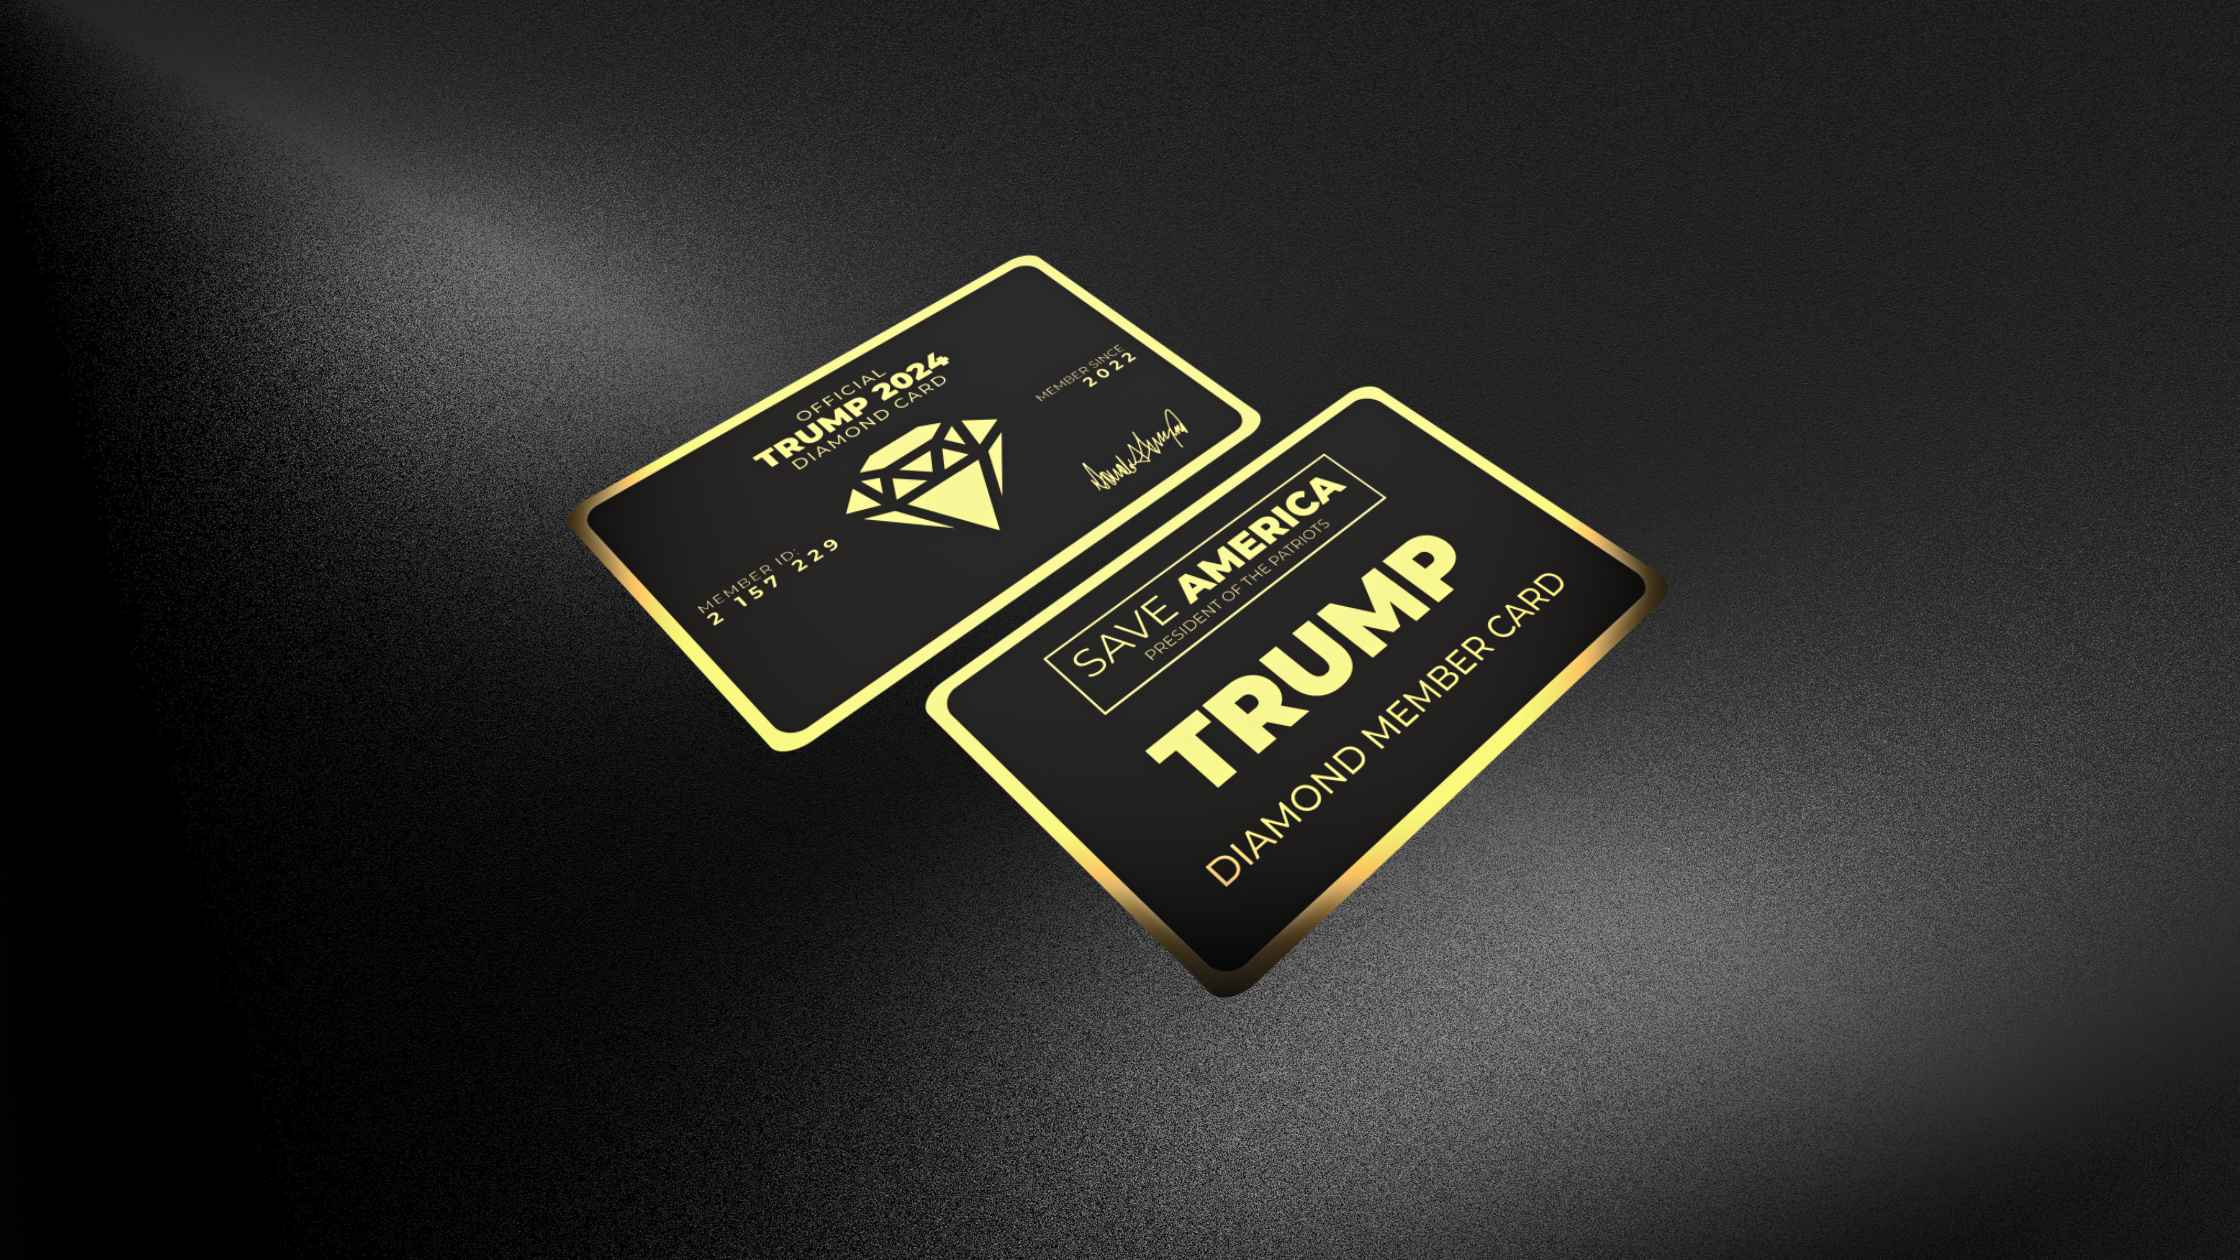 Trump 2024 Diamond Card Review
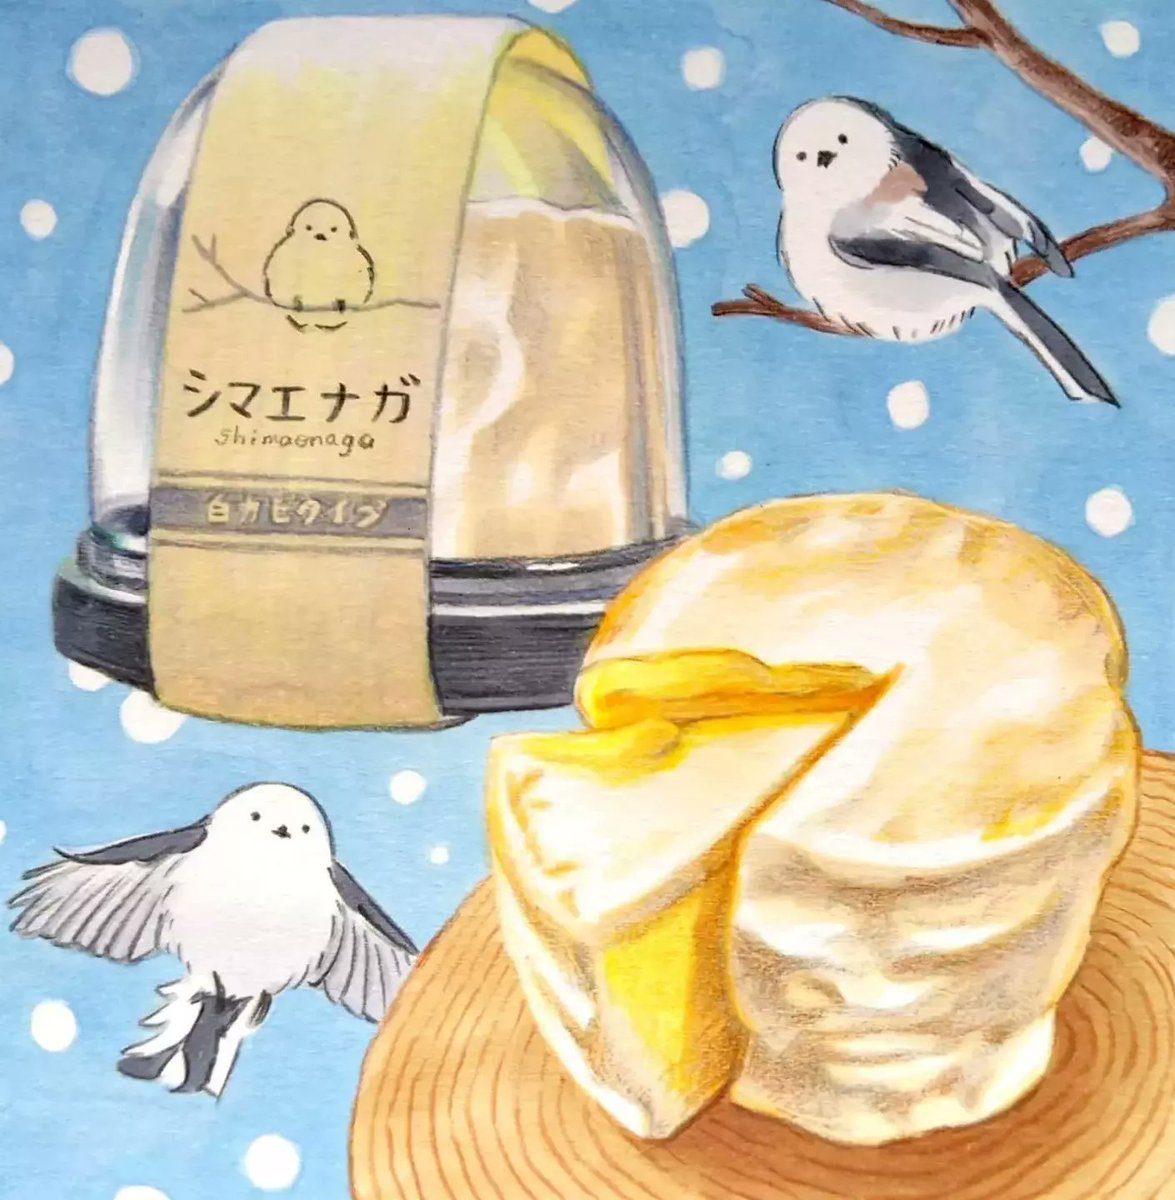 今日は #チーズの日 🧀🕊️根室市・チーズ工房チカプさんの「シマエナガ」。クリーミーで濃厚な白カビチーズ。カットすると中はとろ～り、滑らかな口どけ。熟成させてパンに塗っても◎。シマエナガの羽毛のようなふかふかの表皮も美味です。
 #田島ハルのくいしん簿 #北海道 #イラスト #食べ物イラスト

## What you are asked to do
Copy the data word for word, no pictures.

## Final answer
 Trump 2024 Diamond Card Review
 今日は #チーズの日 🧀🕊️根室市・チーズ工房チカプさんの「シマエナガ」。クリーミーで濃厚な白カビチーズ。カットすると中はとろ～り、滑らかな口どけ。熟成させてパンに塗っても◎。シマエナガの羽毛のようなふかふかの表皮も美味です。
 #田島ハルのくいしん簿 #北海道 #イラスト #食べ物イラスト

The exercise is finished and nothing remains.